Modeling of Deformable MEMS Mirrors in Modern Telescopes

Abstract

Ground based modern telescopes with AO (Adaptive Optics) are at par with the space borne telescopes in providing unprecedented quality images. Recently, deformable mirrors using MEMS (Micro-Electro-Mechanical Systems) have become a popular choice for adaptive mirrors due to various advantages. The continuous facesheet of the MEMS mirror can be modeled with the help of theory developed for thin plates [1], [2] and [3]. In this paper we discuss the modeling techniques using energy principles and variational methods [4] and [5]. For modeling and simulations we will follow the specifications of a commercially available 144 actuator continuous facesheet deformable MEMS mirror by Boston Micromachines Corporation [6]. The dynamics of this mirror is very fast and hence is neglected when compared to the rate of corrections to be applied and it is assumed that the boundaries of the mirror are simply supported.
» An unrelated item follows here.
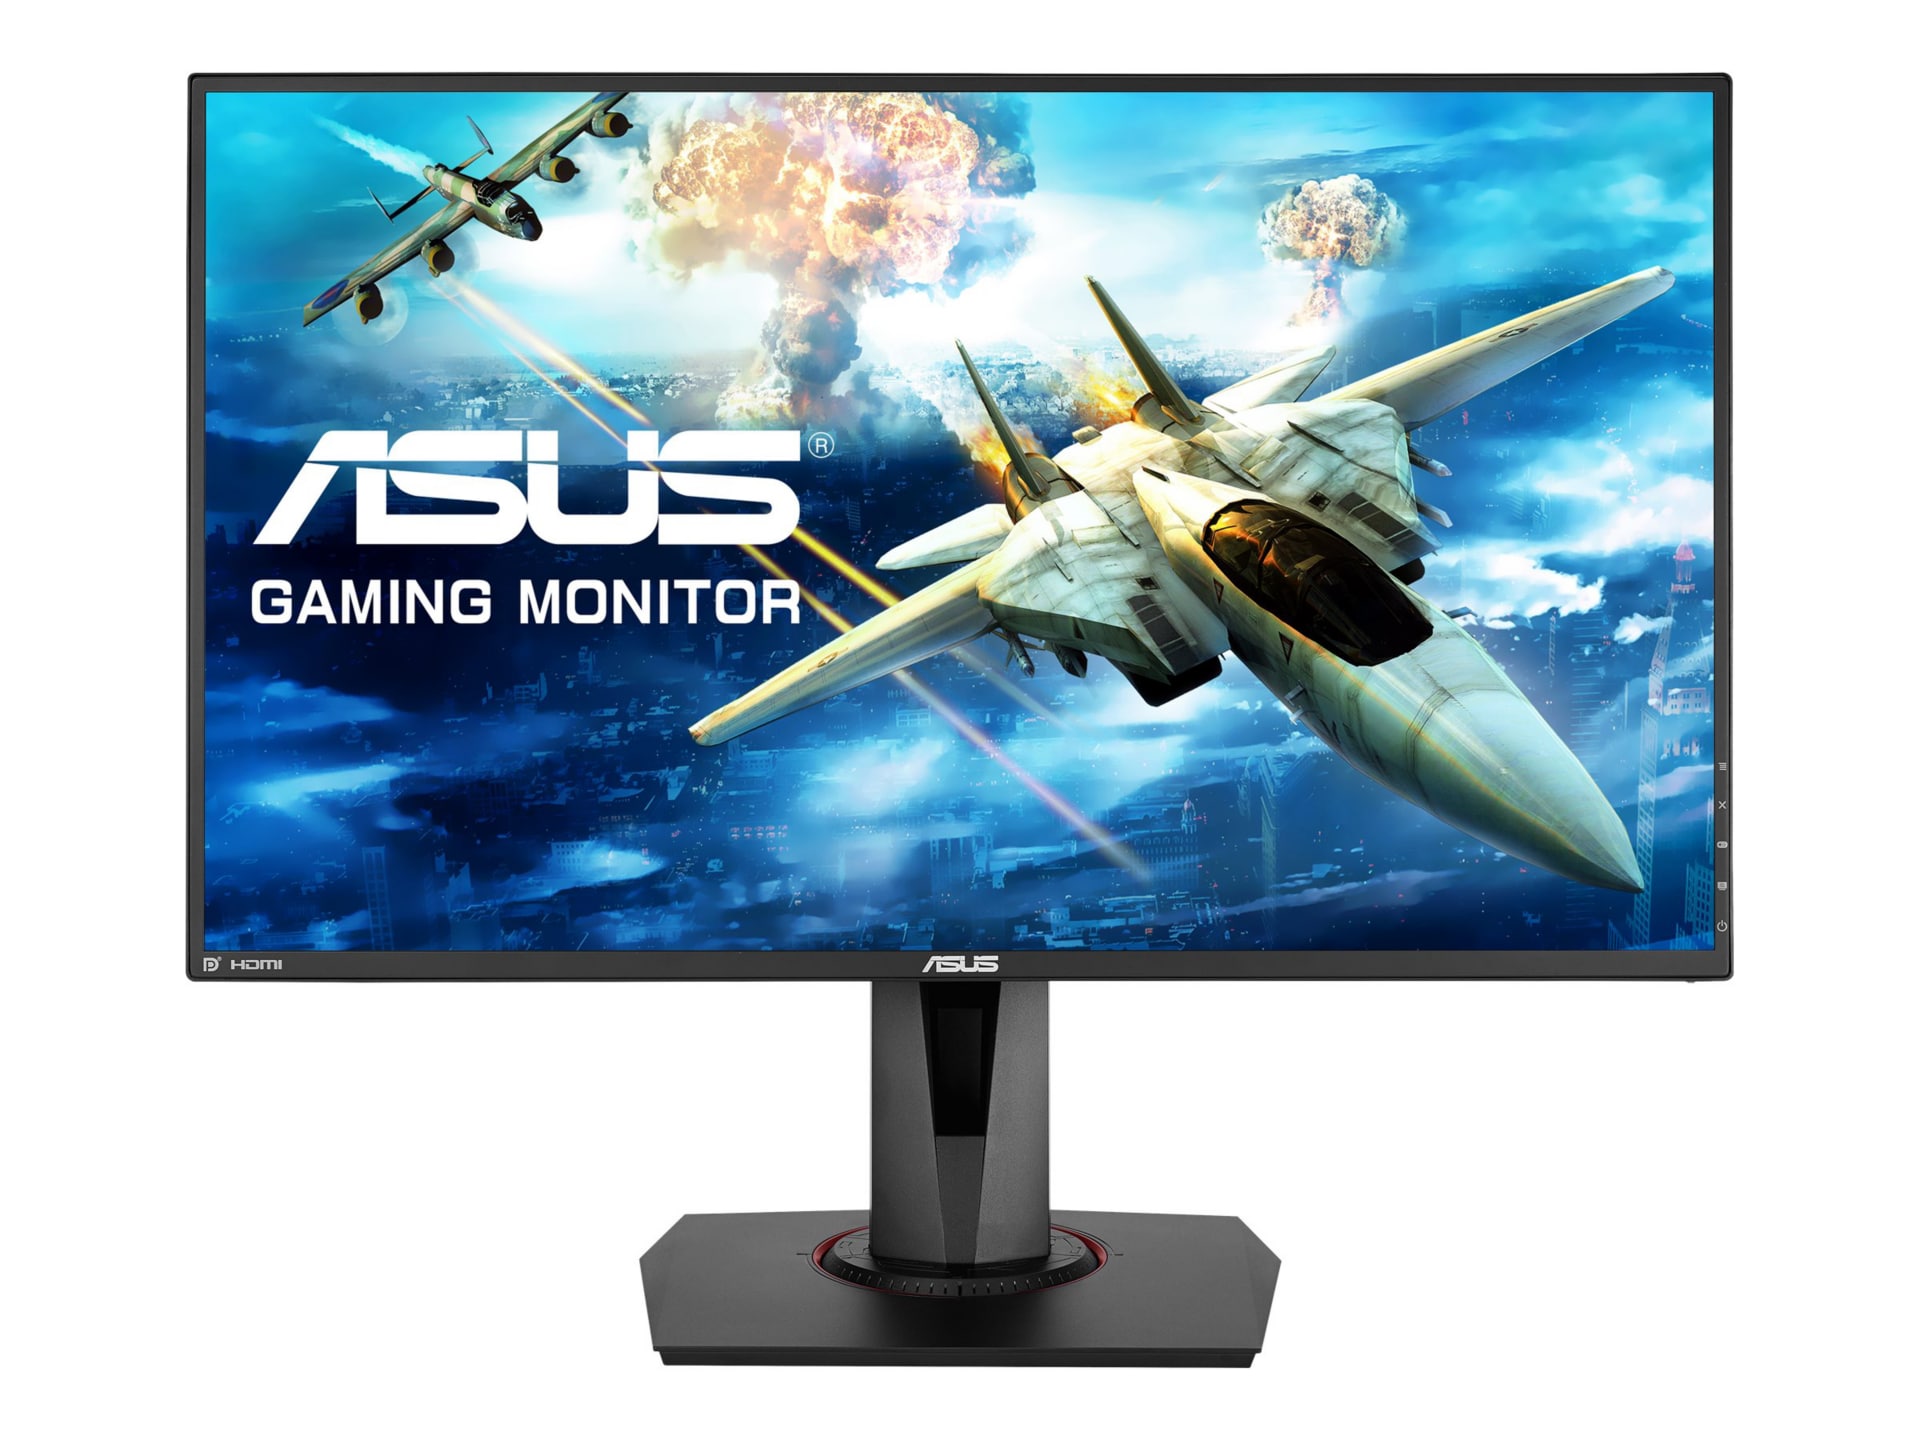 ASUS VG278QR - LCD monitor - Full HD (1080p) - 27"

Thus our problem simplifies to that of a simply supported thin plates static under equilibrium condition. The MEMS mirror equation under the influence of point load matrix is obtained using superposition principle and Navier solution method is used for solving the deformation matrix for a given force matrix. In the case of an AO system, first the atmospheric wavefront is measured which then gives the desired shape of the mirror. Hence the deformation matrix is known and it is required to derive the force matrix, which essentially means solving the inverse problem. If the measured wavefront has noise which is normally the case, or the transformation matrix is rank deficient, the inverse problem becomes ill-posed [7] and [8].